Best way to import 2 or more XML feeds into a MySQL database?
Hi there
Does anyone know how best to go about importing two or more XML feeds into the same MySQL database? I'll be needing to be able to do this every day via cron.
The challenges I see are as follows:
- Do I need to trash the database before every import or does Magic Parser recognise changes to existing items in the database and update only those (probably not I suspect as it only parses the feeds, nothing else)?
- How do I allocate the same primary index ID to each item so that even if I've trashed the database, each item keeps the same ID?
Is this something that anyone out there has done before? If so, is there any chance you'd care to share your code?
Kind regards
Jim
Hi David
Thanks for the speedy reply!
Okay - so I don't need to trash existing entries - I can update them. Nice. I guess I'll need to identify a field in the feed that is unique for every item and then check that against the items in my database (you used $record["NAME"] in your example).
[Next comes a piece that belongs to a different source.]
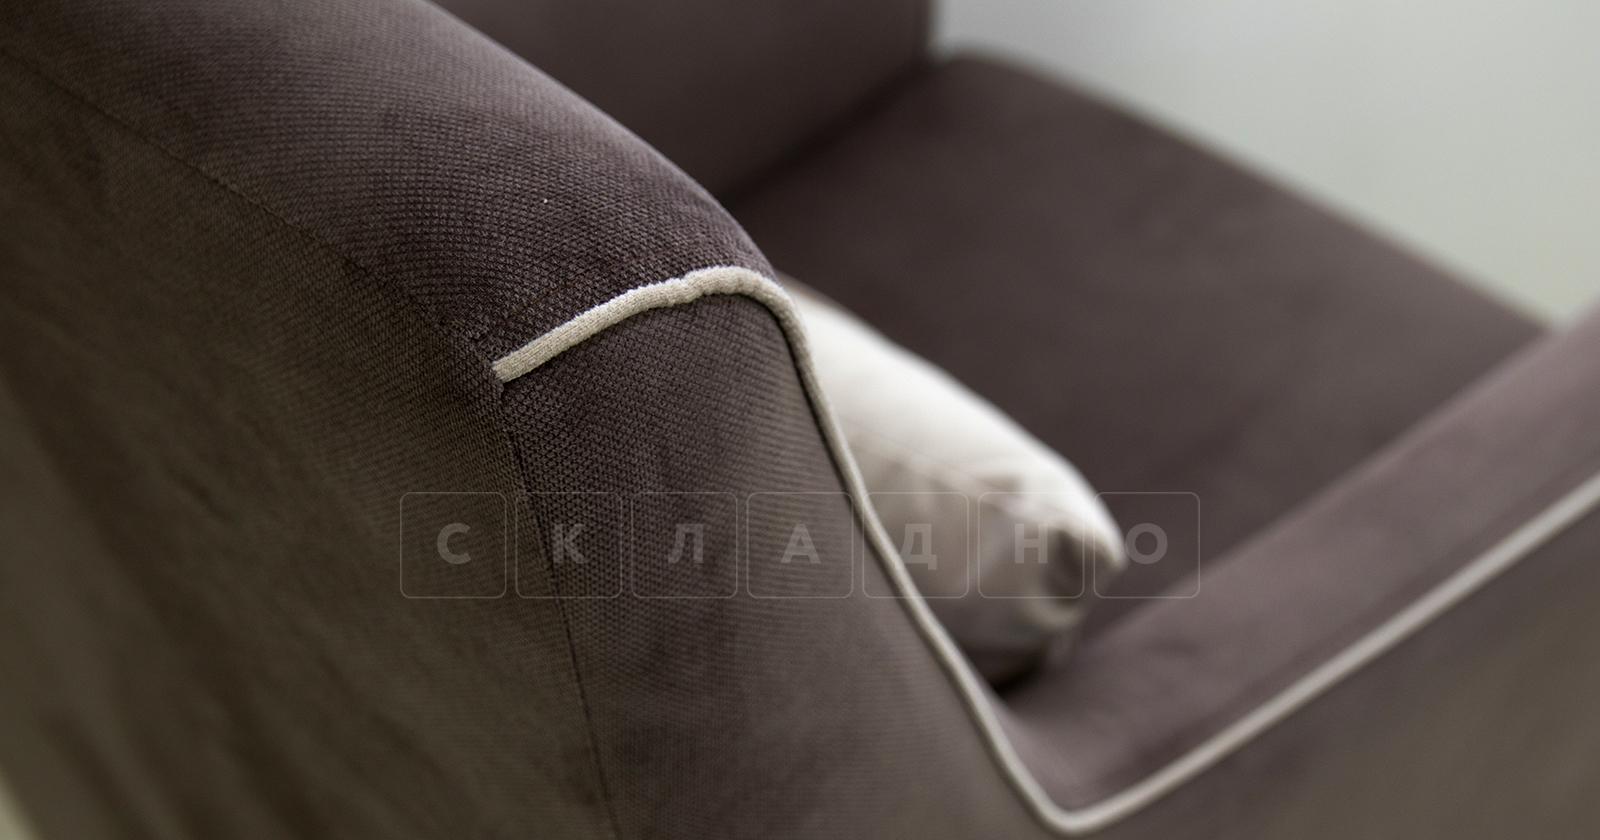 Кресло для отдыха Флэтфорд шоколад фото 8 | интернет-магазин Складно

I'll have a go and get back to you if I have any problems!
Cheers
Jim
Hi again David
I've got it working really well for my first feed and am very pleased.
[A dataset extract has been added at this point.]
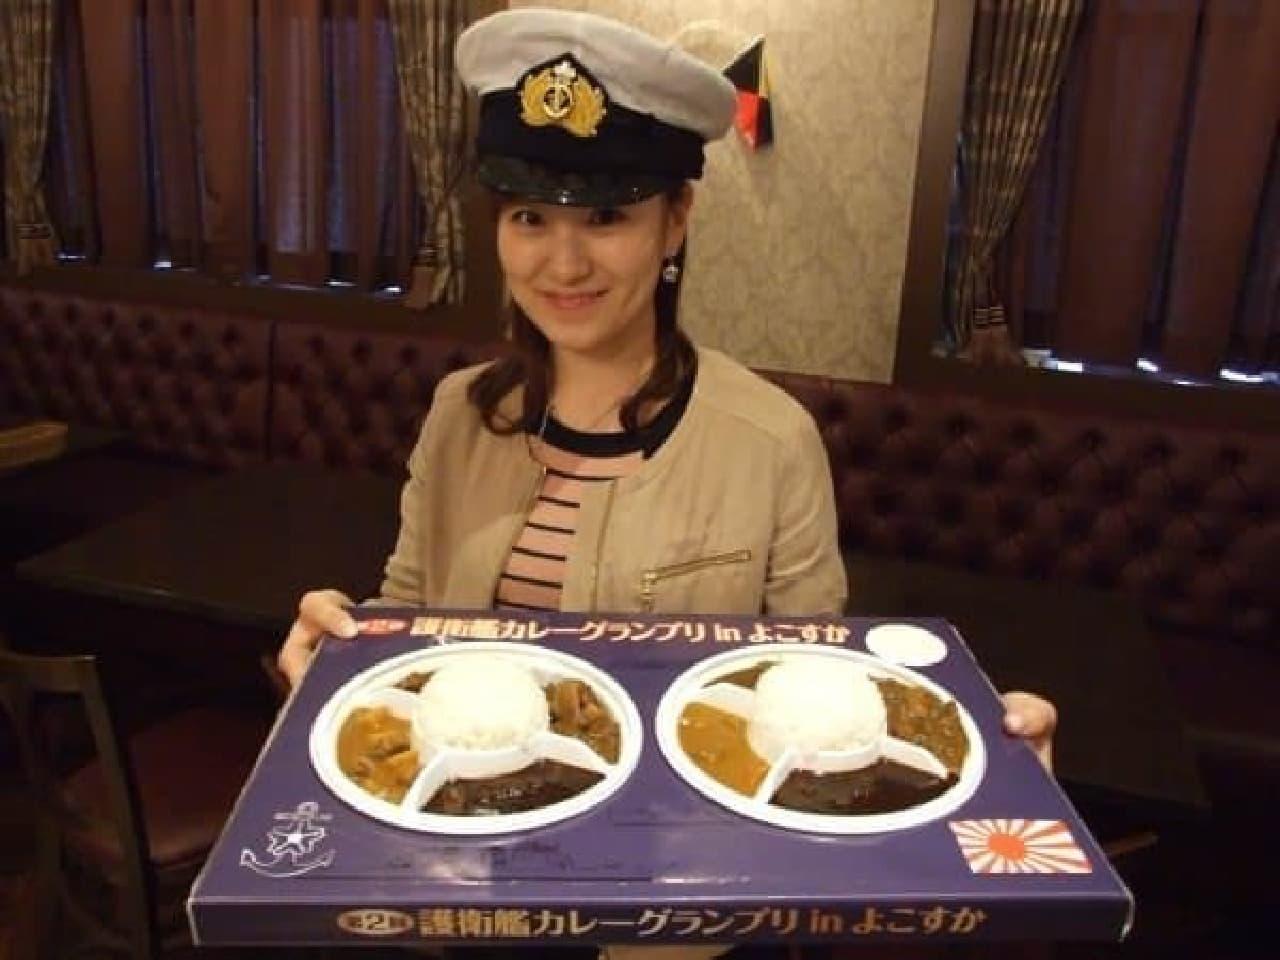 本物の海軍カレー、食べてみない?  (出典:横須賀観光情報 cocoyoko.net)

Working on the second feed now which doesn't have a unique ID in it as an item, but there is one contained in the url of an image in each record.
See below for an example:
http://my.fictional-feed.com/PictureResizer.ASP?PropertyID=1639586&PhotoID=1&AgentID=782&BranchID=1318&width=200&rotation=0Although there are around 5 photos for each record in the feed, I thought of using the following to pull the PropertyID out of the urls:
print "PropertyID: ".substr($record["PHOTOS/PHOTO/URL"],58,7)."<br />";(this is just for displaying currently rather than inserting into mysql)
This gives me "1639586" for the first record, but subsequent records give me "42&Phot" and similar (always the same position). Any idea how I'd correct this?
Cheers for now
Jim
Hi Jim,
It's probably because the URL length and also length of the ID will be changing. Have a go at basing on the position of the surrounding strings, something like this:
$posA = strpos($record["PHOTOS/PHOTO/URL"],"PropertyID=")+11;
$posB = strpos($record["PHOTOS/PHOTO/URL"],"&",$posA);
$PropertyID = substr($record["PHOTOS/PHOTO/URL"],$posA,($posB-$posA));
print "PropertyID: ".$PropertyID."<br />";\Hope this helps!
Cheers,
David.
David - you're a LEGEND! It works a treat.
Many thanks
Jim :-)
Hello Jim,
As there's no link between Magic Parser and the database it's all down to your application as to how this is handled.
In order to maintain an ID to item association, your application will need to check to see if the item is already in the database and then UPDATE if so, otherwise INSERT. An example of how this might look in your record handler function would be as follows:
<?phpfunction myRecordHandler($record)
{
$sql = "SELECT id FROM items WHERE name='".mysql_escape_string($record["NAME"])."'";
if (mysql_num_rows(mysql_query($sql))
{
$sql = "UPDATE items SET
foo='".mysql_escape_string($record["FOO"])."',
bar='".mysql_escape_string($record["BAR"])."'
WHERE
name='".mysql_escape_string($record["NAME"])."'
";
}
else
{
$sql = "INSERT INTO items SET
name='".mysql_escape_string($record["NAME"])."',
foo='".mysql_escape_string($record["FOO"])."',
bar='".mysql_escape_string($record["BAR"])."'
";
}
mysql_query($sql);
}
?>
Hope this helps!
Cheers,
David.